#### [Your task]
The reply should reproduce every line of the data below word for word, minus any images.

#### [Dataset extract]
--------------------------------
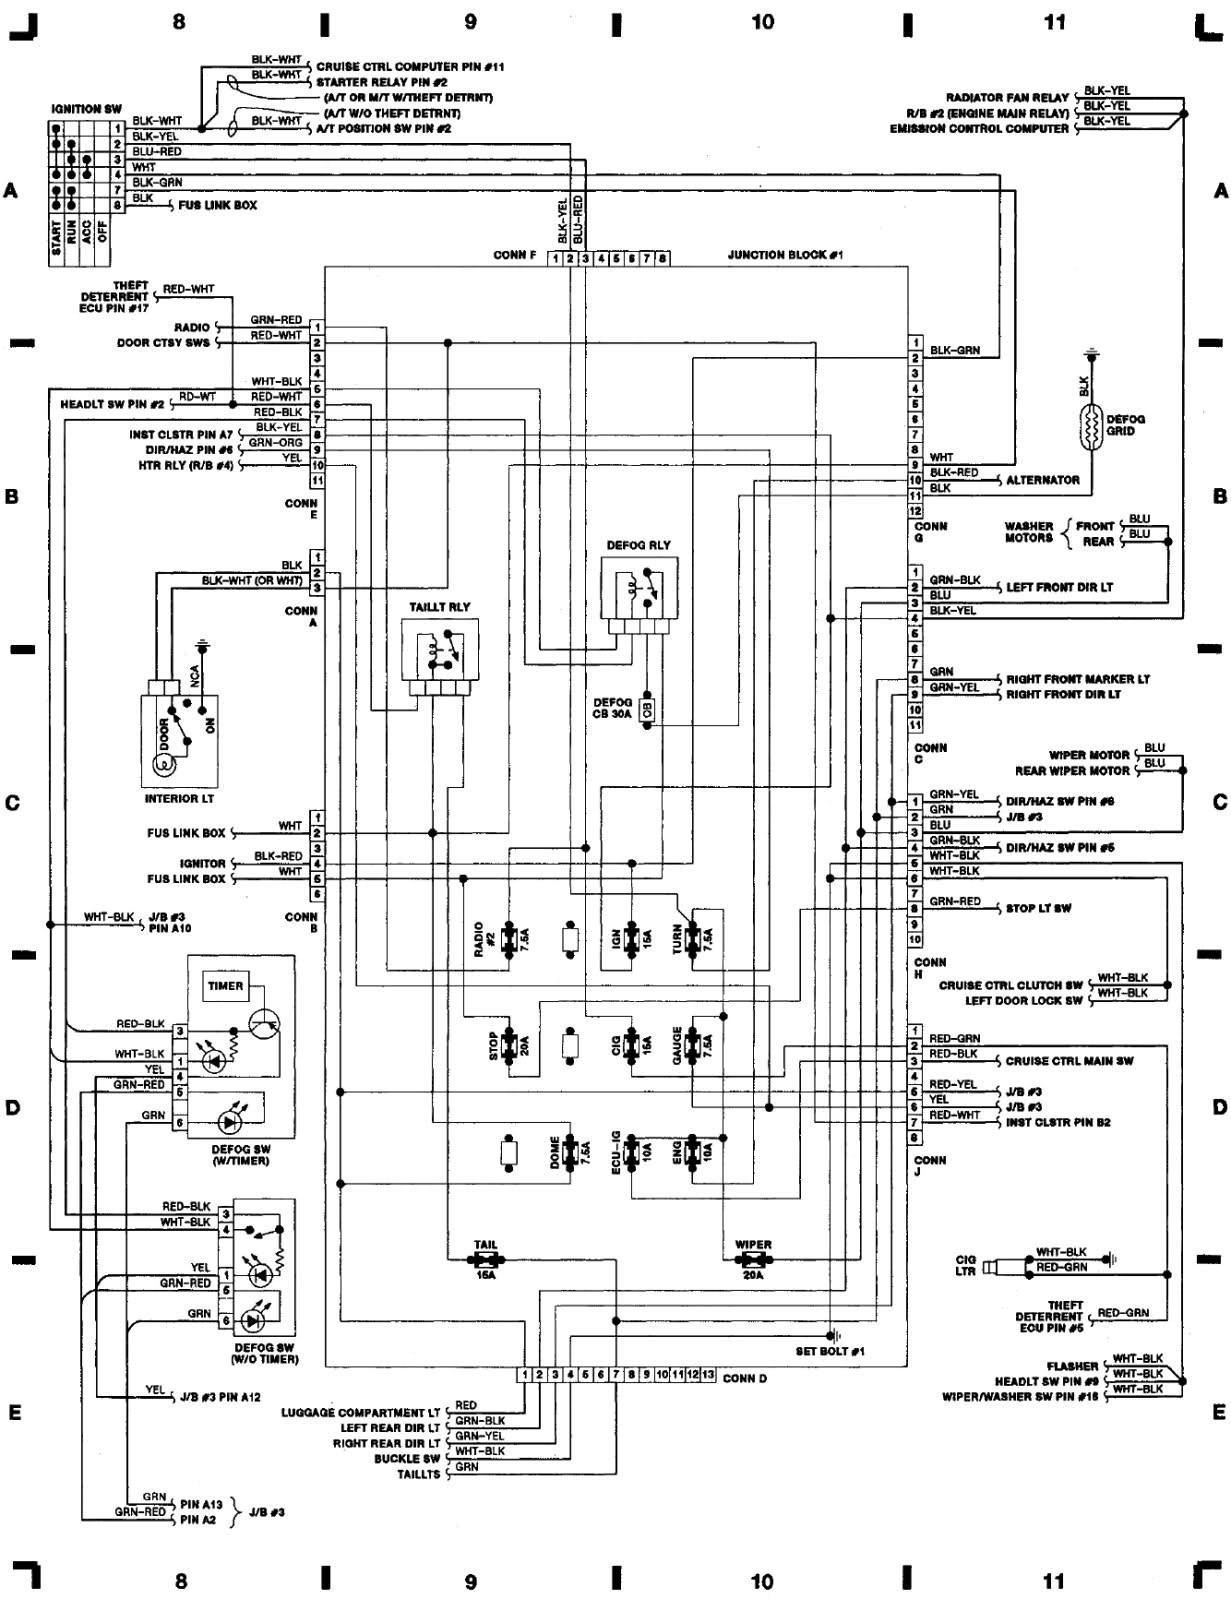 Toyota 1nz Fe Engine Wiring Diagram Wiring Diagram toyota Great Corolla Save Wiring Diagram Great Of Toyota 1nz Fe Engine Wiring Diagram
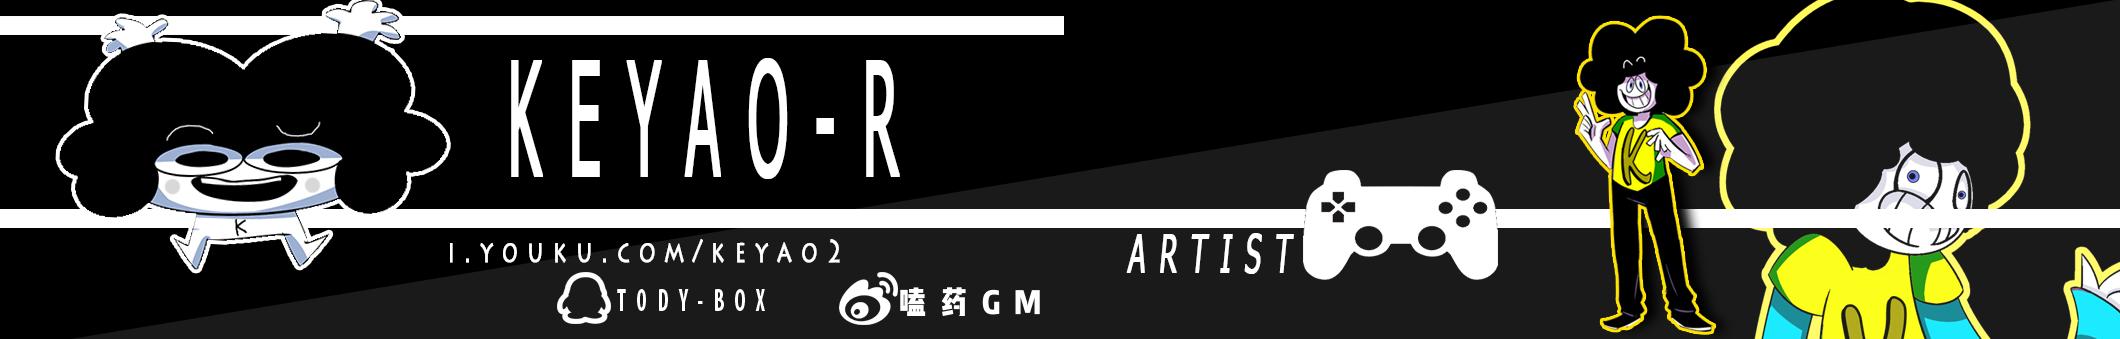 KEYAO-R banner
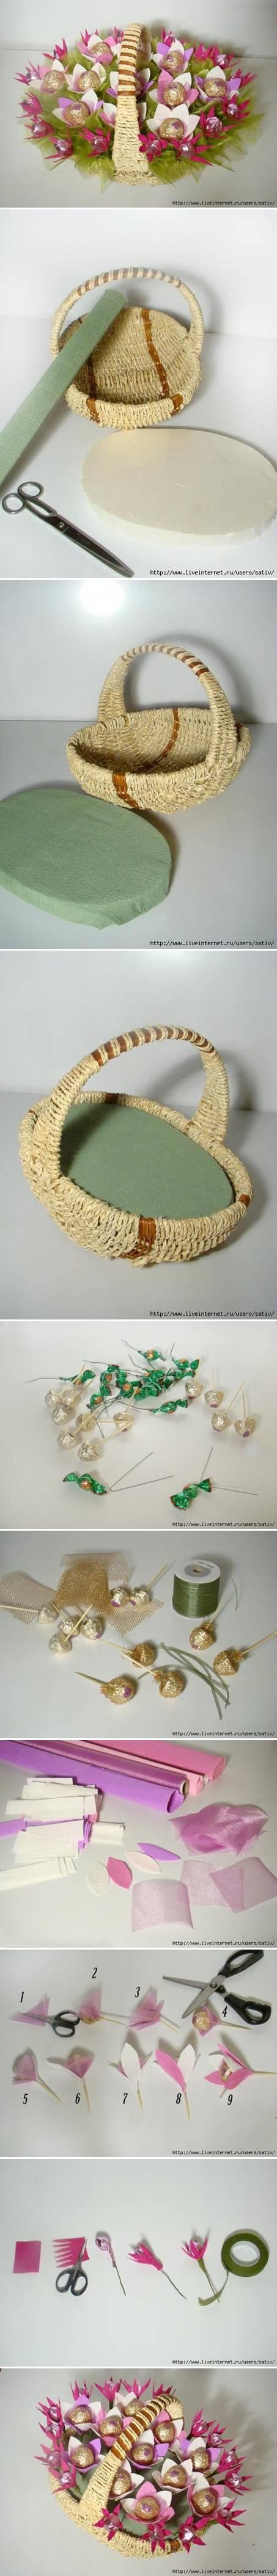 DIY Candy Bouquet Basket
--------------------------------
#### [Result for this exercise]
 Toyota 1nz Fe Engine Wiring Diagram Wiring Diagram toyota Great Corolla Save Wiring Diagram Great Of Toyota 1nz Fe Engine Wiring Diagram
 KEYAO-R banner
 DIY Candy Bouquet Basket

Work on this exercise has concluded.